The landlords argued the panel should apply the analysis from a 2022 California Fifth District Appellate Court opinion, Limon v. Circle K Stores, which ended with a plaintiff unable to continue an FRCA complaint because of a failure to show damages. Edmon said that court distinguished between damages as compensation for financial loss and a court-ordered civil penalty, but the panel found that “analysis rested largely on semantics” and said there are many instances where statutory damages can both punish offenders and motivate compliance.

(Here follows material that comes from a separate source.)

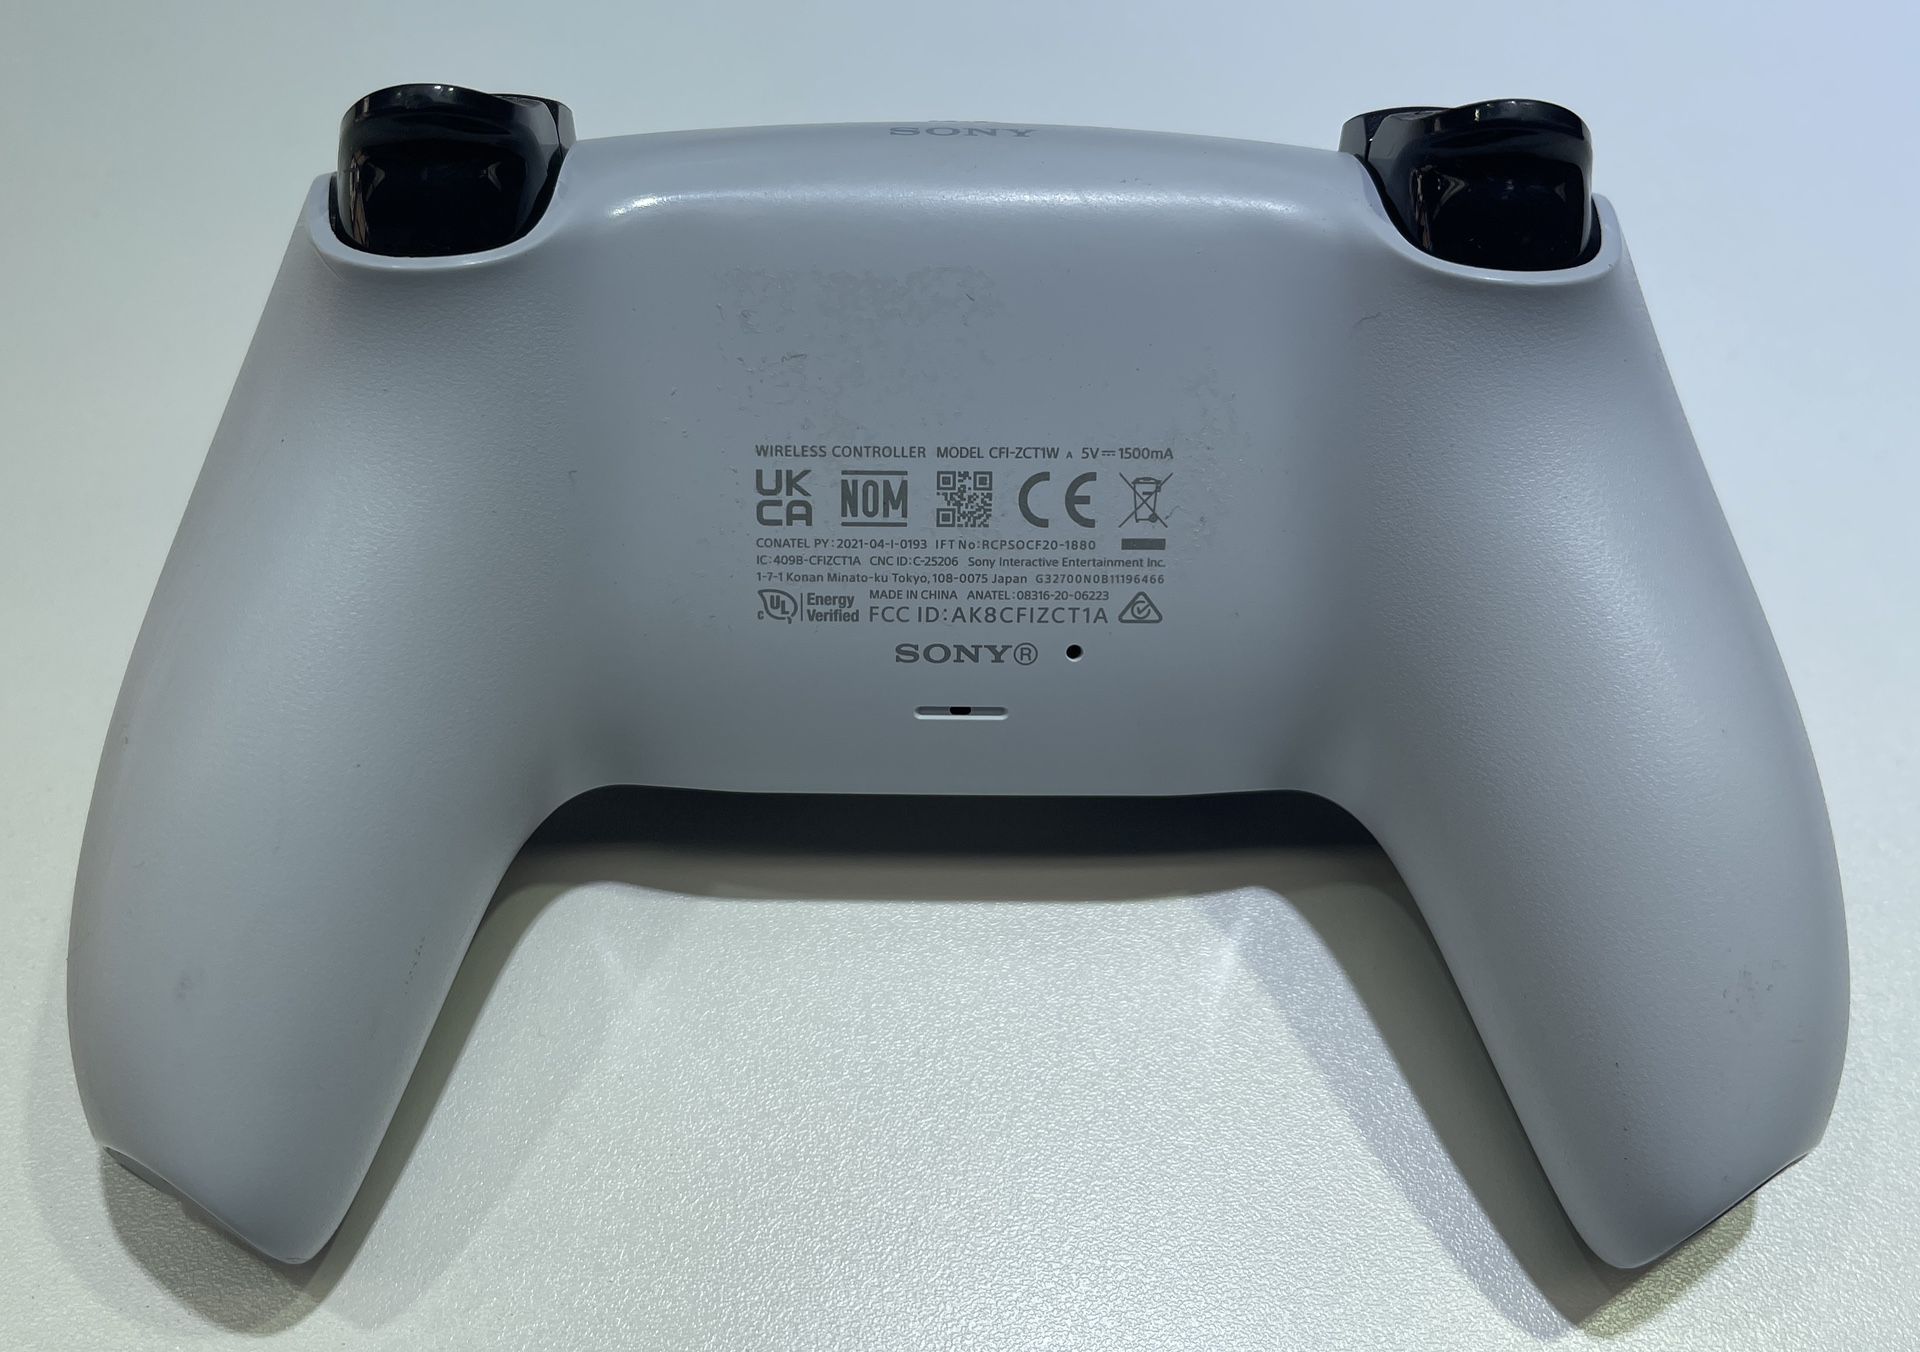 PS5 White Controller 
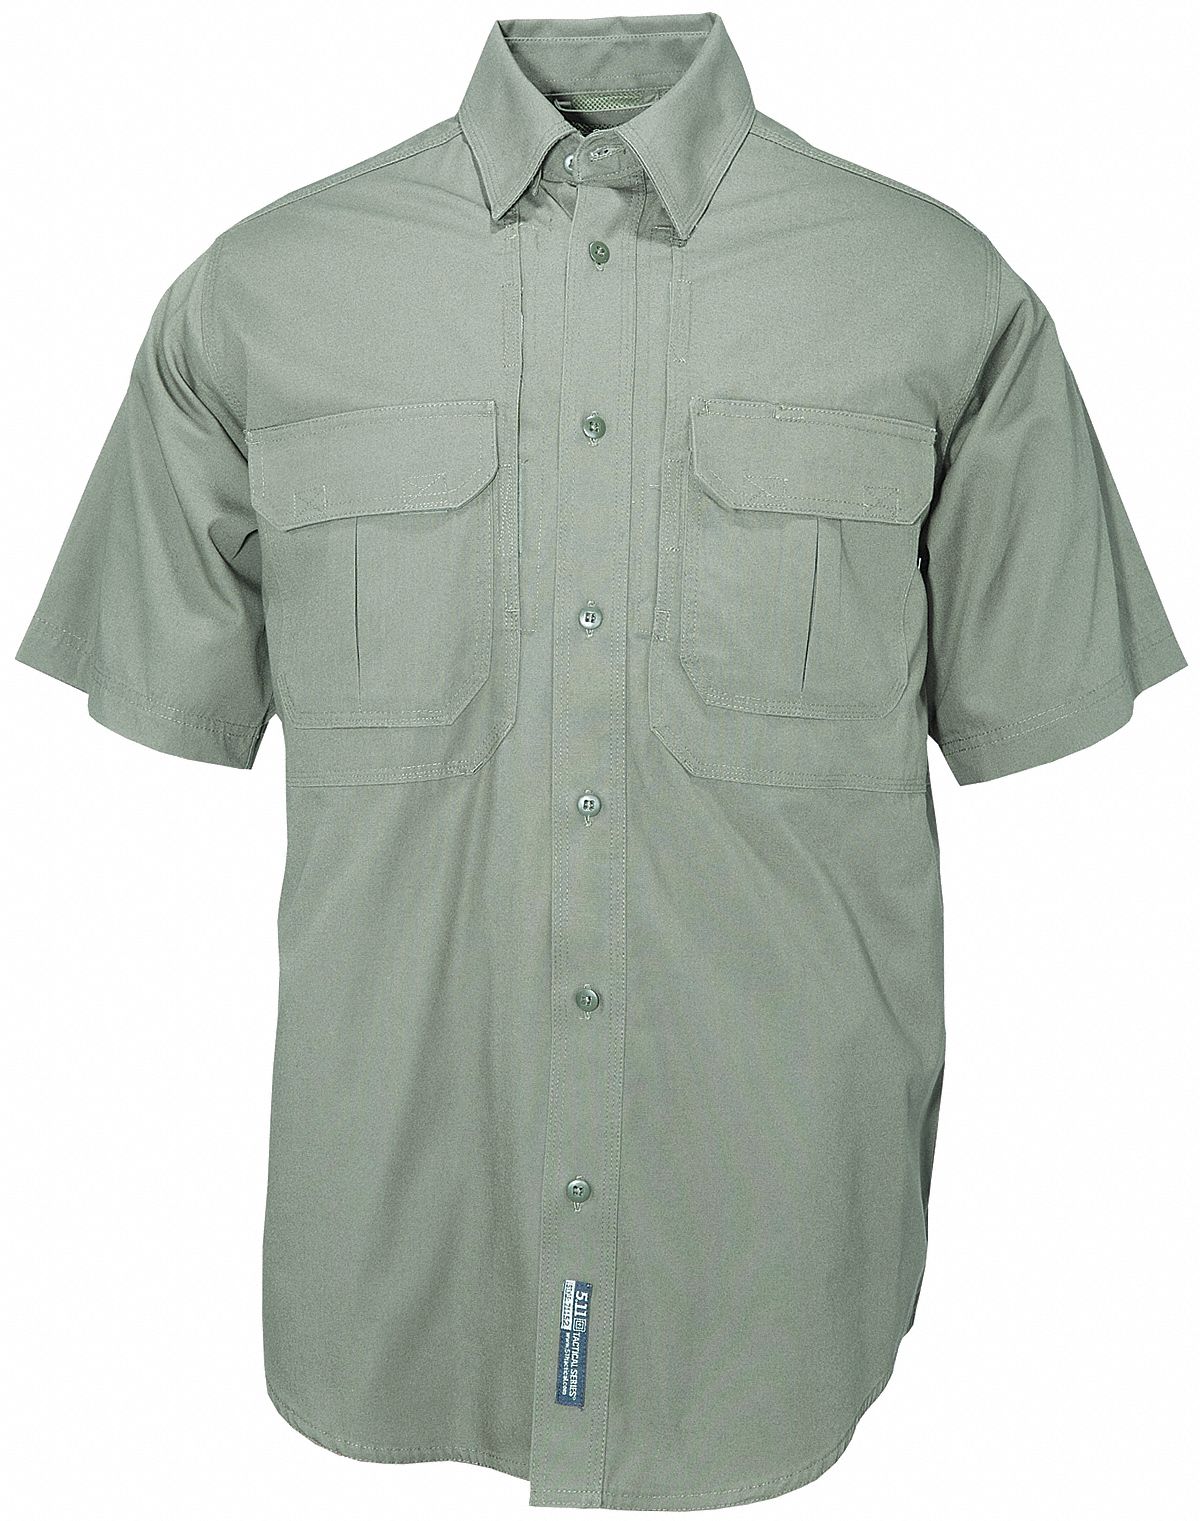 5.11 Tactical 5.11 Tactical Series Dark Green Collared Shirt Mens 2XL Short Sleeve 100% Cotton

After finding the plaintiffs did have standing under the ICRAA, the panel concluded that isn’t the case with respect to three who asserted unfair competition claims. Edmon said premising a competition claim on the alleged ICRAA violation isn’t sufficient for standing and further explained the companies were up front that paying the fee — “$22.99 for credit and screening reports, and $18.51 in costs, including overhead and soft costs, related to the processing of the application” — never carried a suggestion the applicant would get the report.

“Accordingly, the undisputed evidence shows the plaintiffs received precisely what they paid for: the processing and consideration of their rental applications, which resulted in their approval as tenants,” Edmon wrote. “The failure to provide plaintiffs copies of their consumer reports within three days also does not amount to an ‘injury in fact’ because plaintiffs do not allege that they suffered concrete or particularized harms as a result.”

The panel affirmed summary judgement on the unfair competition claim and awarded the plaintiffs the costs associated with appealing the superior court ruling.

The tenants are represented by Stiller Law Firm, Victory Law Group and Meta Law Group.

The landlords are represented by Hinshaw & Culbertson.